Countries all have their own policies on food production, that won’t change, but it will take some work to optimize those based on science. The wealthiest political demographic in the US simultaneously demands high level of centralized government and regulations while only wanting wild fish. The restrictions are onerous.

The authors of the paper contend that the US will need to ease off on the restrictions to allow sustainable mariculture to grow. Countries like China, which will use any resource until it is exhausted to prop up their economy short term, would need to be pressured into having some guidelines.(4)

It makes sense to develop this industry. America feeds itself and much of the world using 2 percent of the population on relatively small amounts of land. Technology and science have boosted yields so well that we have 2,000,000 family farms, no need for factory farming. Right now fishing is done essentially the same as it was hundreds of years ago. Go to where fish might be and throw out nets. If the rest of the world adopted American agriculture, farmland equivalent to the country of India could revert to nature. If America or Europe shows similar leadership in mariculture we could do the same for fishing; less space and less environmental strain while the poorest could still have balanced diets.

Fisheries and coastal tourism would not be impacted, any more than Farmer’s Markets are impacted by affordable food in grocery stores. Everyone wins.

NOTES:

(1) Even then elites buy into organic mythology marketing like that some husband and wife are weeding by hand rather than using the same tractors plus older, less effective pesticides like copper sulfate.

(2) Africa is a prime example of where European colonialism remains alive; they create regulations that block Africa from the European market unless African farmers maintain legacy technologies that Europe wants and can use because they have a natural breadbasket of their own.

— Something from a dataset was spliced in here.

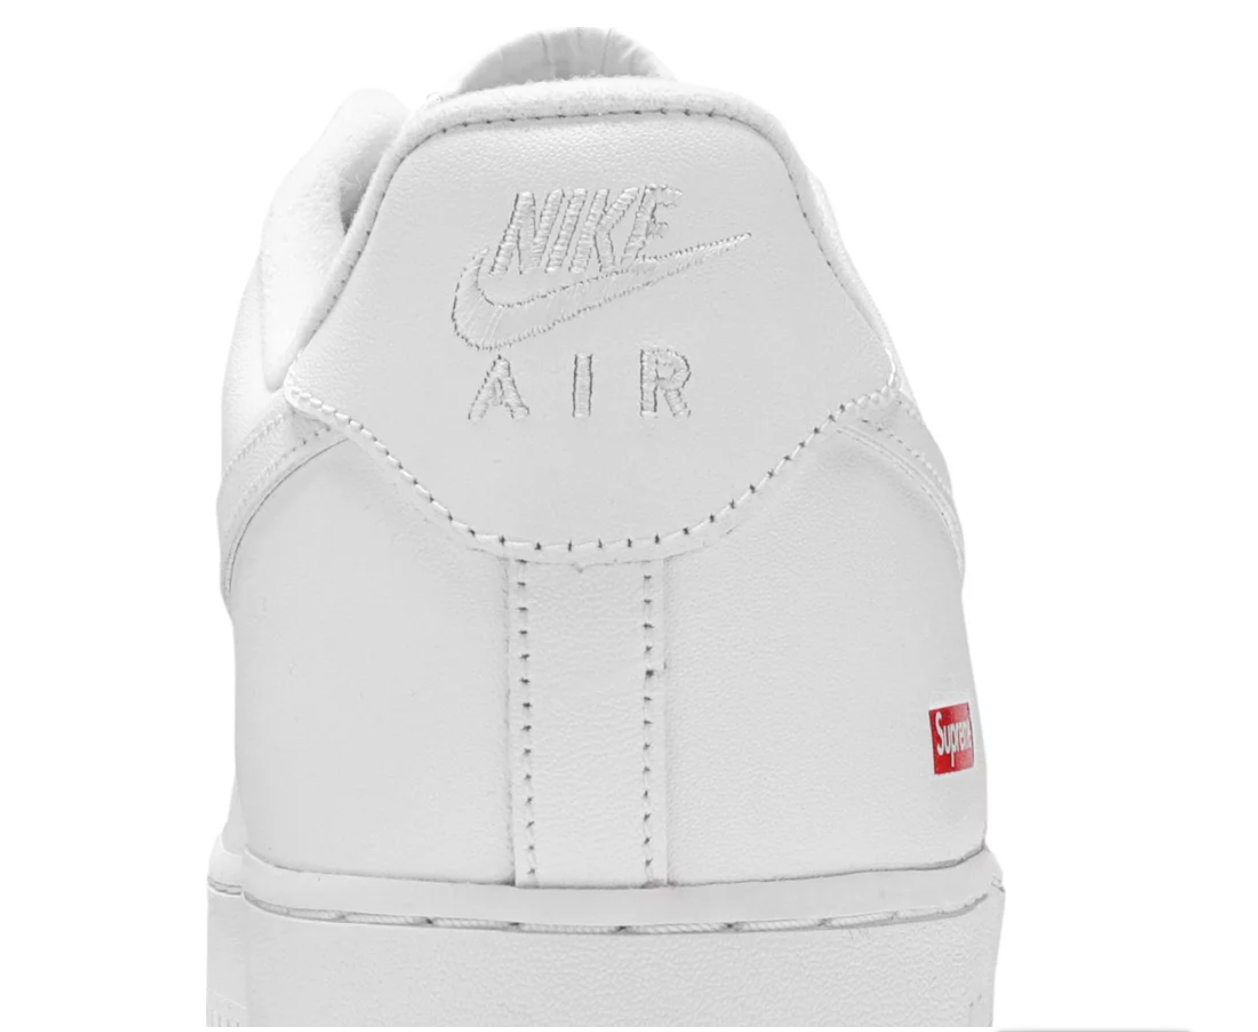 Classic White Supreme X Air Force 1 Low 'Box Logo’ Lacrosse Shoes  - White Back 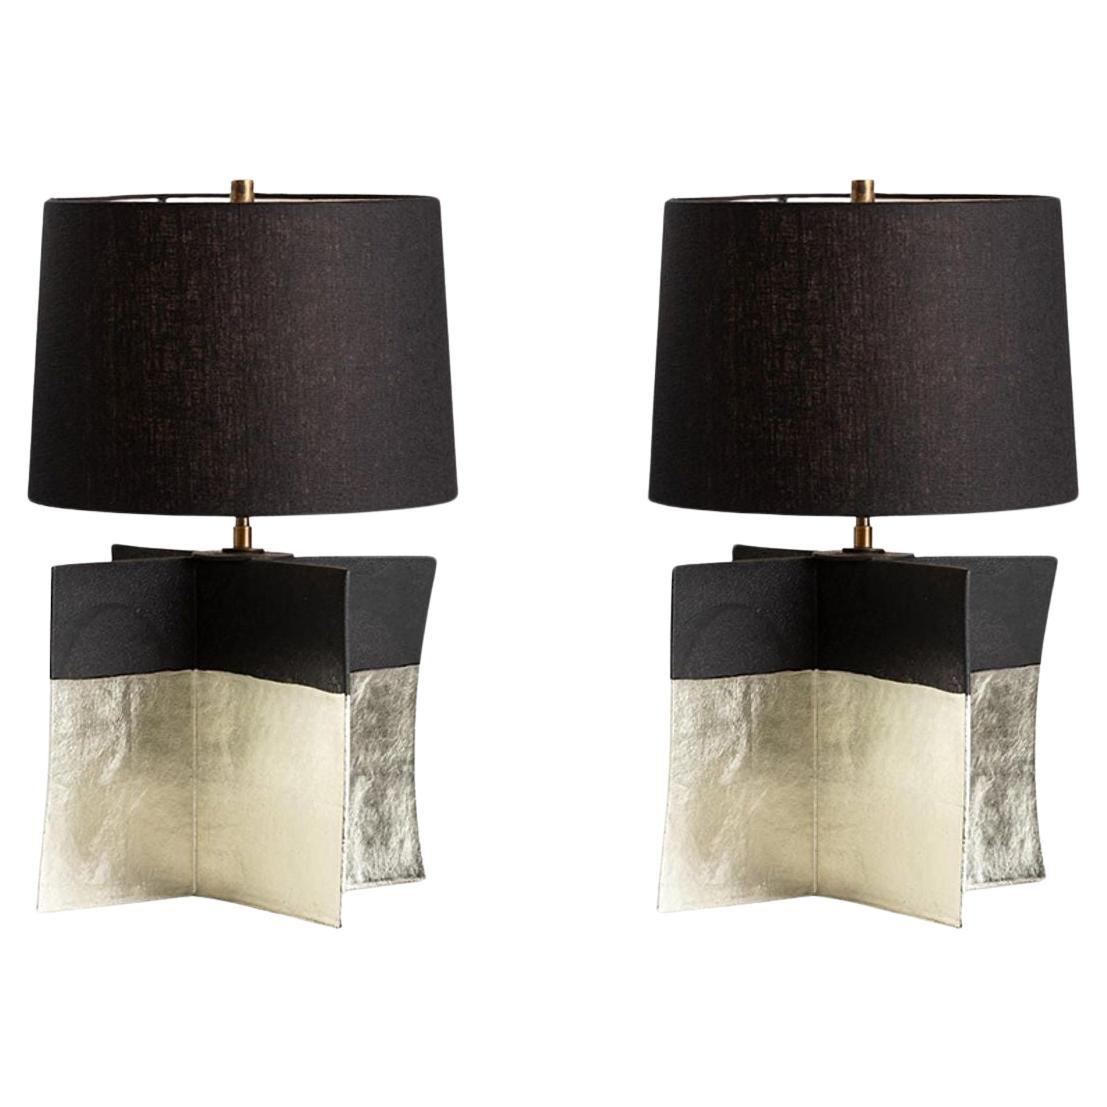 Dumais Made, Contemporary, Ceramic Croisillon Table Lamps, Gold Glaze, 2021

(3) Scaremongering food and energy while putting wholesome labels on their own food and energy has been good for Russian geopolitics, it meant Europe was neutered and Russia could walk through Ukraine unchallenged by NATO.

(4) Good luck. When President Obama tried to talk to China about their CO2 emissions, China told him to forget it, they were a ‘developing’ nation and exemption and staying that way, but the US was welcome to ask again in 2030. He was forced to try and spin that as a diplomatic win, claiming that China had never used any date before. We can expect the same when it comes to limiting their fishing.